Twenty-six of the 27 EU leaders agreed to pursue a tougher budget discipline regime with automatic sanctions for deficit breakers and 23 countries are committing to keep their deficits below 0.5 percent of GDP.
That cap can be broken to counteract a recession or in other exceptional circumstances. The European Court of Justice will make sure all states’ debt brakes are effective.  The Eurozone, together with other willing EU states, will give as much as $268 billion to the IMF to help it rescue troubled nations. The Eurozone’s permanent bailout fund, the European Stability Mechanism, will take over from the current rescue fund, the European Financial Stability Facility, one year ahead of schedule, in July 2012. Unlike the EFSF, the ESM has paid-in capital, similar to a bank, and is therefore more credible on financial markets. The ESM’s decision-making process was simplified in emergency situations, allowing struggling countries to get financial help if an 85 percent majority of capital holders agree. That is meant to stop small countries from blocking or slowing down urgent rescues, as has happened in the past.
The Eurozone eased rules that have forced banks and other private investors to take losses when a country gets a bailout from the ESM. The previous push to inflict losses on bondholders has been blamed for exacerbating the crisis.

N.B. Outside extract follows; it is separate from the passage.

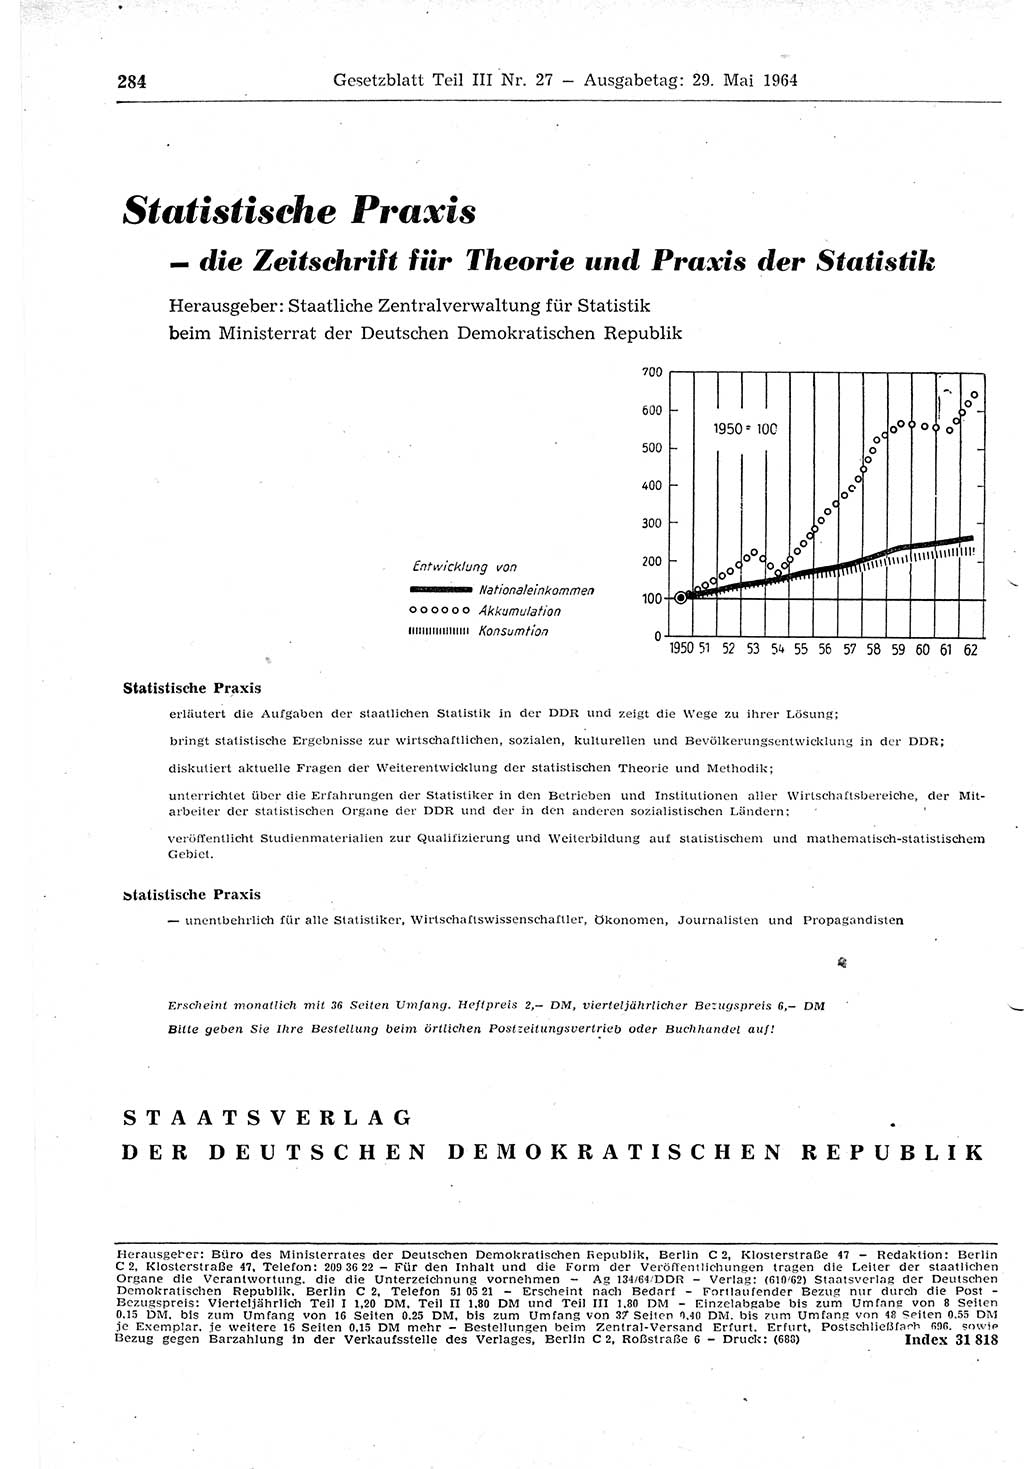 Gesetzblatt (GBl.) der Deutschen Demokratischen Republik (DDR) Teil ⅠⅠⅠ 1964, Seite 284 (GBl. DDR ⅠⅠⅠ 1964, S. 284)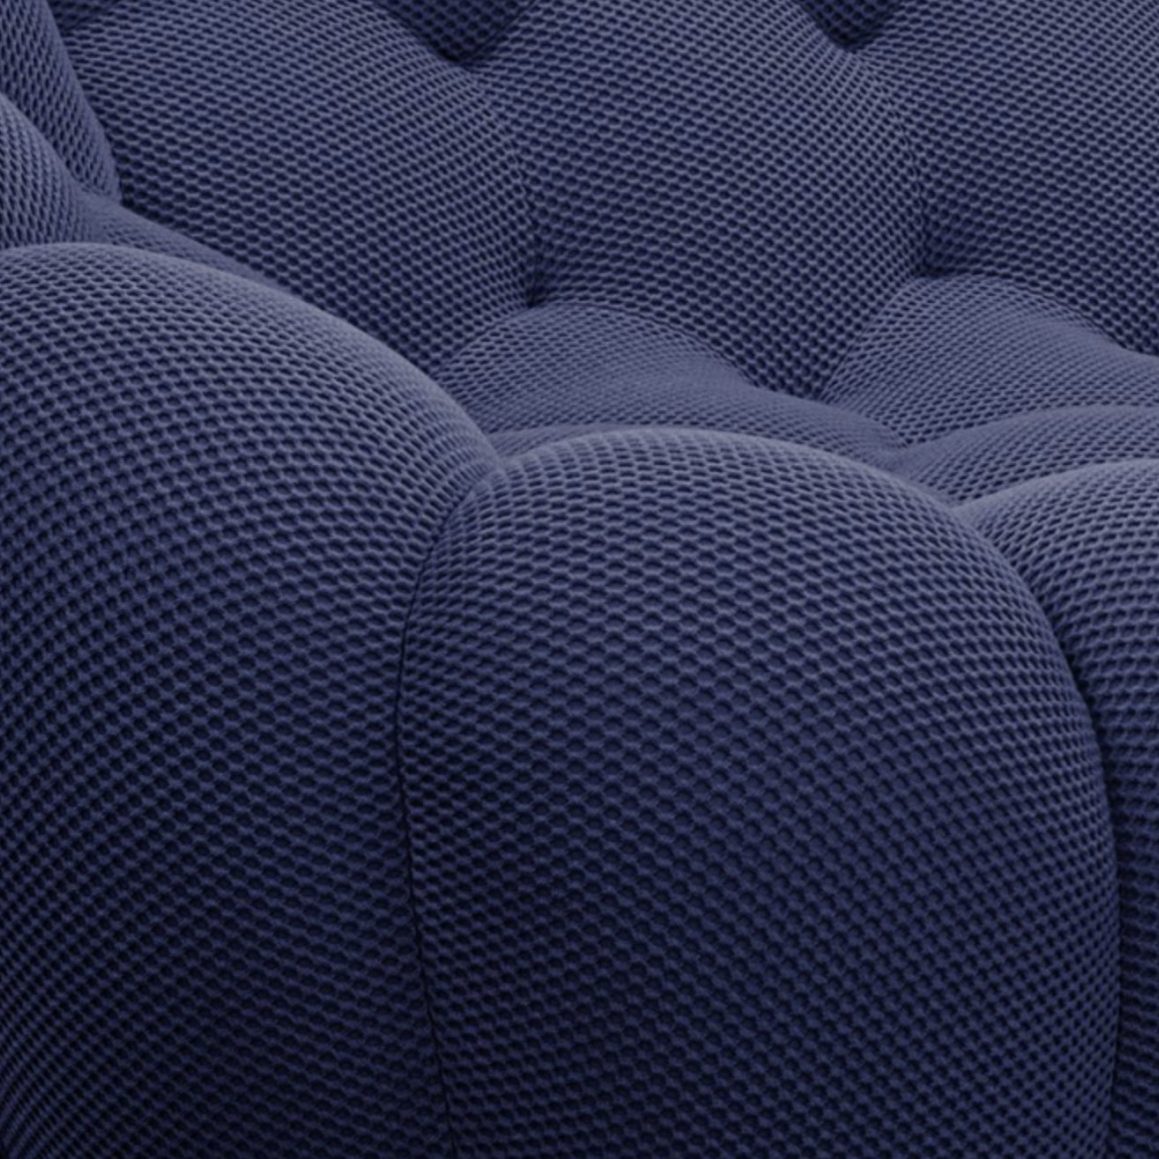 # 一張路邊撿到的藍色沙發，卻是要價 24 萬的頂級傢具：看似飽受幸運之神眷顧，卻引起全網討論！？ 2

Eurozone leaders did not decide to boost the overall firepower of their own bailout funds, which is currently limited to $668 billion. They promised to reconsider that cap in March, shortly before the ESM comes into force. They did not agree to more intrusive powers for the European Commission over the fiscal policies of deficit breakers, as had been demanded by EU President Herman Van Rompuy and some nations. Instead, they promised to “examine swiftly” much more lenient proposals from the Commission, political spin that some analysts said won’t calm market fears that the EU is a political beast unwilling to rein in its profligate states.